Turfgrass Student: (S) – To qualify for Class S membership an applicant must be a turfgrass student enrolled in a formal course of education in an approved and accredited institution.

Class S members shall have such privileges of the Association as the Executive Committee may specify for each respective class from time to time by Standing Rules except those of voting and holding office. Annual dues equaling ½ the Class A or Superintendent Member dues will be payable.

Honorary Members: (H) – To qualify for Honorary membership the individual must be a member of the Association who has been recognized by the Executive Committee for contributing in an outstanding manner to this Association. The annual dues and general meeting fees will be complimentary. Honorary members shall have such privileges of the Association as the Executive Committee may specify from time to time by Standing Rules, except those of voting and holding office.

Representatives from a related field or industry who are recognized annually by the Board. This membership classification is awarded to the person holding a specific position, such as County Farm Advisor, and membership will change as the representative changes or at the discretion of the Board. No more than eight Industry Representative memberships will be awarded per year. Membership dues will be complimentary, however, monthly meeting charges will be payable. Industry Representatives shall have such privileges of the Association as the Executive Committee may specify from time to time by Standing Rules, except those of voting and holding office.

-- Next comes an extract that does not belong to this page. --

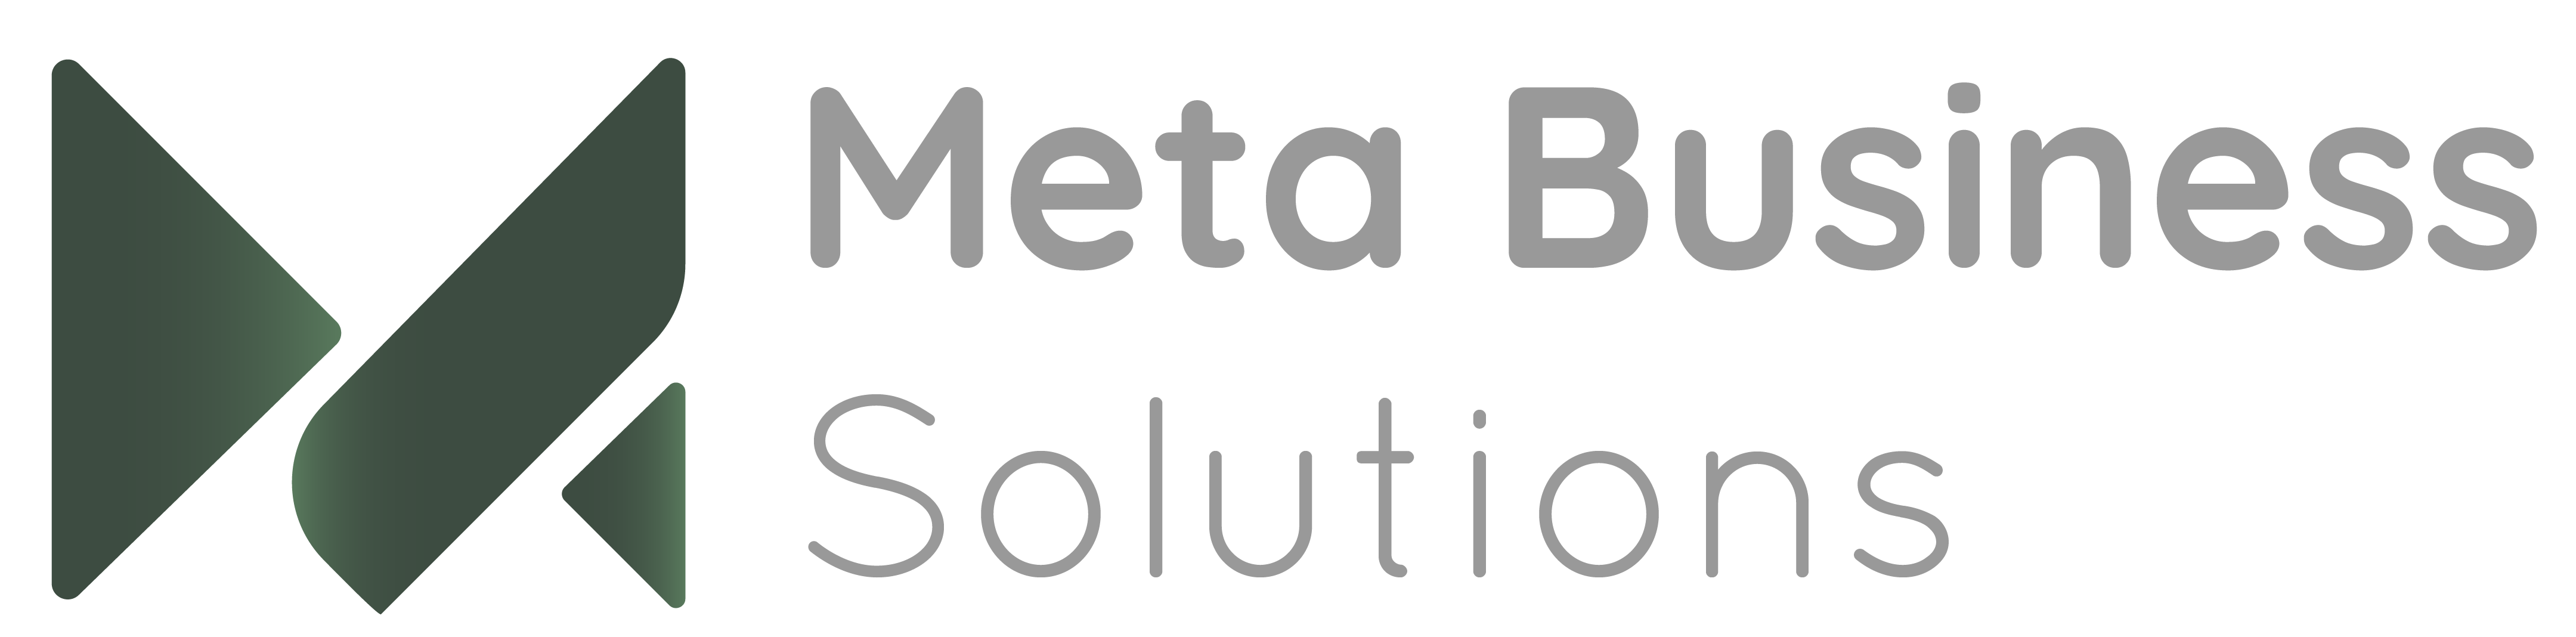 Meta Business Solutions

Section 4. Unless otherwise specifically provided in the Bylaws, all voting rights of this Corporation shall be vested in the Class A and Superintendent Members. All other members shall not have voting rights in the Corporation nor be eligible to hold any elective office in this Corporation, but shall be entitled to all other benefits of membership.

Section 5. Application for membership; Application for membership in the Association shall be made on official forms furnished by the Board of Directors. Each applicant shall furnish evidence satisfactory to the Board of Directors of compliance with the requirements of the membership class desired. The Board of Directors may require that each application for membership contain the recommendation of one or more voting members (Class A or Superintendent Member) of the Association. The Board of Directors shall be the sole judge of an applicant’s qualifications for membership, however, no application shall be rejected which meets the standards of the code of ethics.

Section 6. Approval or rejection of application; Applications for membership shall be reviewed by the Board of Directors at a scheduled meeting. After an application has been approved for membership, the applicant’s name shall be read and the applicant introduced at a monthly meeting. If any member should have an objection to the applicant becoming a member, such member may submit their objection in writing, together with reason(s) to the Board of Directors within a period ending five (5) days prior to the following regular monthly meeting. The Board of Directors shall again review the application and an affirmation vote of at least two-thirds (2/3) of the directors present shall be required for acceptance of the application. If any application for membership is rejected, the applicant shall be notified and informed as to the reason(s) for rejection. Any person whose application is rejected may request a hearing for reconsideration.

This hearing shall be given at the following regularly scheduled Board meeting, or at a special meeting should the President deem it advisable to call such a meeting. The Board of Directors shall be the sole judge of any applicant’s qualifications for membership. If any application were rejected, the applicant may file a new application after a period of not less than six (6) months subsequent to the rejection. All members and prospective members shall have the right to due process as outlined in these Bylaws.

Section 7. Reclassification: All reclassification of members shall be made by the Board of Directors upon application of the member, and in accordance with standing rules adopted from time to time, or pursuant to directives adopted by the Membership at any annual meeting or any special meeting called for that purpose.

(a) Voluntary reclassification: Any individual member may request a change in his membership classification to accord with a change in his qualifications for membership as set forth in Section 3 of Article III.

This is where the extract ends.